On Tue, Nov 07, 2006 at 08:03:40AM +0900, David Vallner wrote:
> pdg wrote:
> > Hi All,
> > 
> > As a first exercise with Ruby, I am going through the Pickaxe book and
> > creating a jukebox. I haven't even tried to create an array of songs
> > yet, because I got distracted and wanted to work this out. I am trying
> > toi feed in the data from my iTunes xml file to it to get the data, I
> > can get it to work if I delete most of the xml file, but when it's 5-6
> > gig, 
> 
> OMFG. That's a -huge- XML file. Probably all of my MP3s together would
> fit into there with base64-encoded contents :P
> 
> > rexml just seems to die. I have vaguely heard that stream parsing
> > may be the answer, but am totally unaware of how to use it.
> > 
> 
> Well, time to learn. I probably never even saw a computer that could
> handle a XML file that size using straightforward DOM parsing - which
> normally "blows up" the original XML document's size in bytes five times
> and more. And REXML definitely doesn't have performance of any kind
> amongst its qualities. (And for completeness' sake, I never 'clicked'
> with the API either, but I'm a minority there.)
> 
> You want a Ruby binding to a stream or pull parser - to my best
> knowledge, REXML is neither.

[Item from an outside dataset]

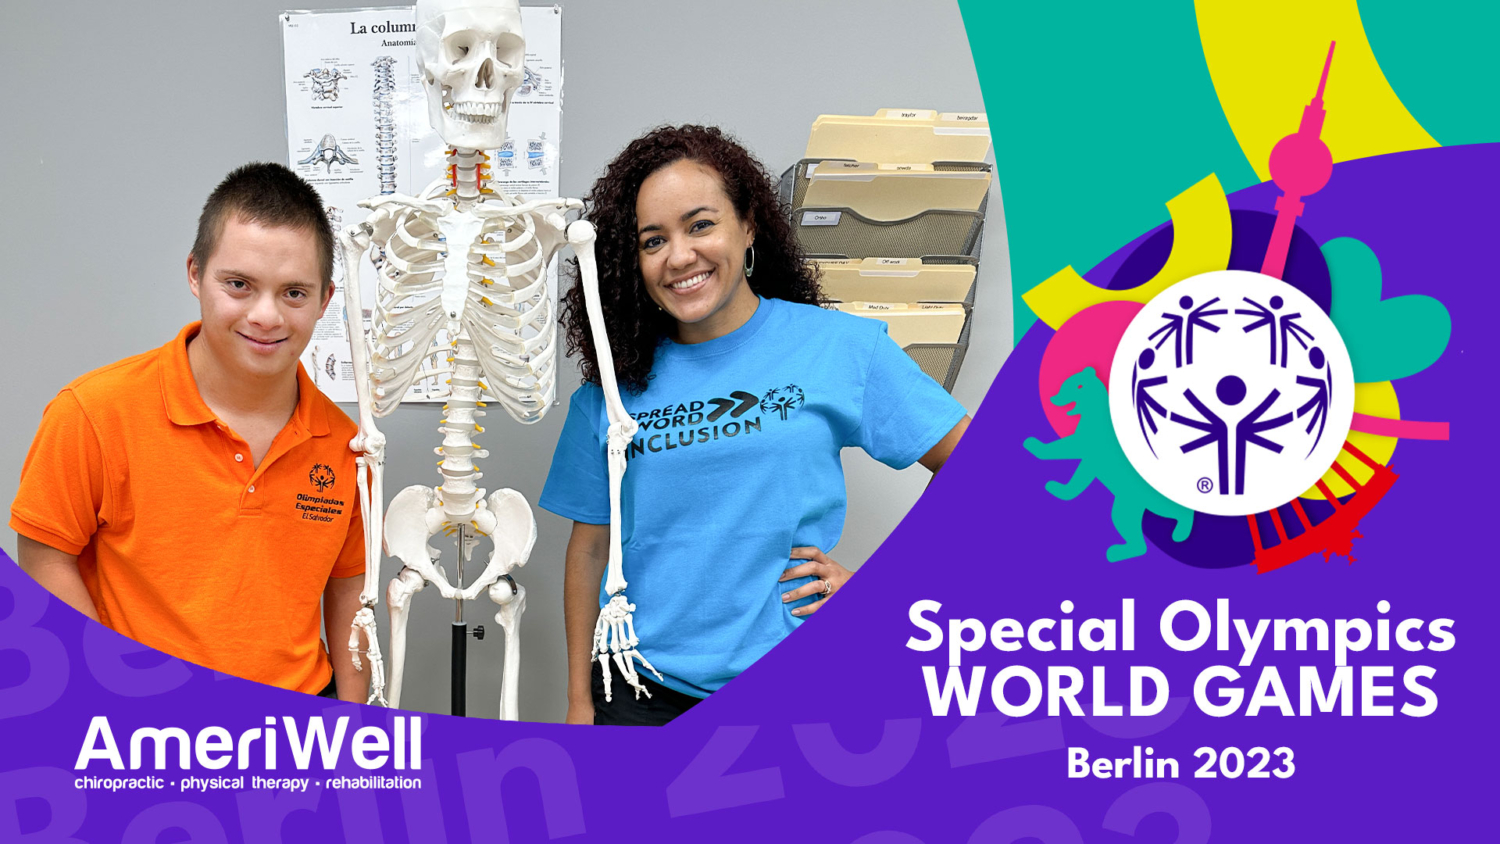 AmeriWell Clinics supports the athletes of Special Olympics El Salvador on their journey to greatness at the Special Olympics World Games Berlin 2023.

That means libxml2, expat, or Xerces.
> Compiling Required - I think the one-click installer comes with one of
> these, buggered if I know which.

Ruby comes with a pull parser in the standard lib:
  http://ruby-doc.org/stdlib/libdoc/rexml/rdoc/classes/REXML/Parsers/PullParser.html

I would give it a try on a document that large.

> 
> After that, Google is your friend. Look at the documentation to
> whichever parser you decided to use and use that - personally, I don't
> do much / no non-tree XML parsing at all, so I'm mainly guessing around
> on this. The main difference is that while with REXML, you can
> arbitrarily look around the XML document, with stream and pull parsing,
> you can only process the document in order, and have to keep the state
> of that processing (e.g. which track you're currently "working on") in
> your Ruby code.
> 
> David Vallner
> 

-- 
Aaron Patterson
http://tenderlovemaking.com/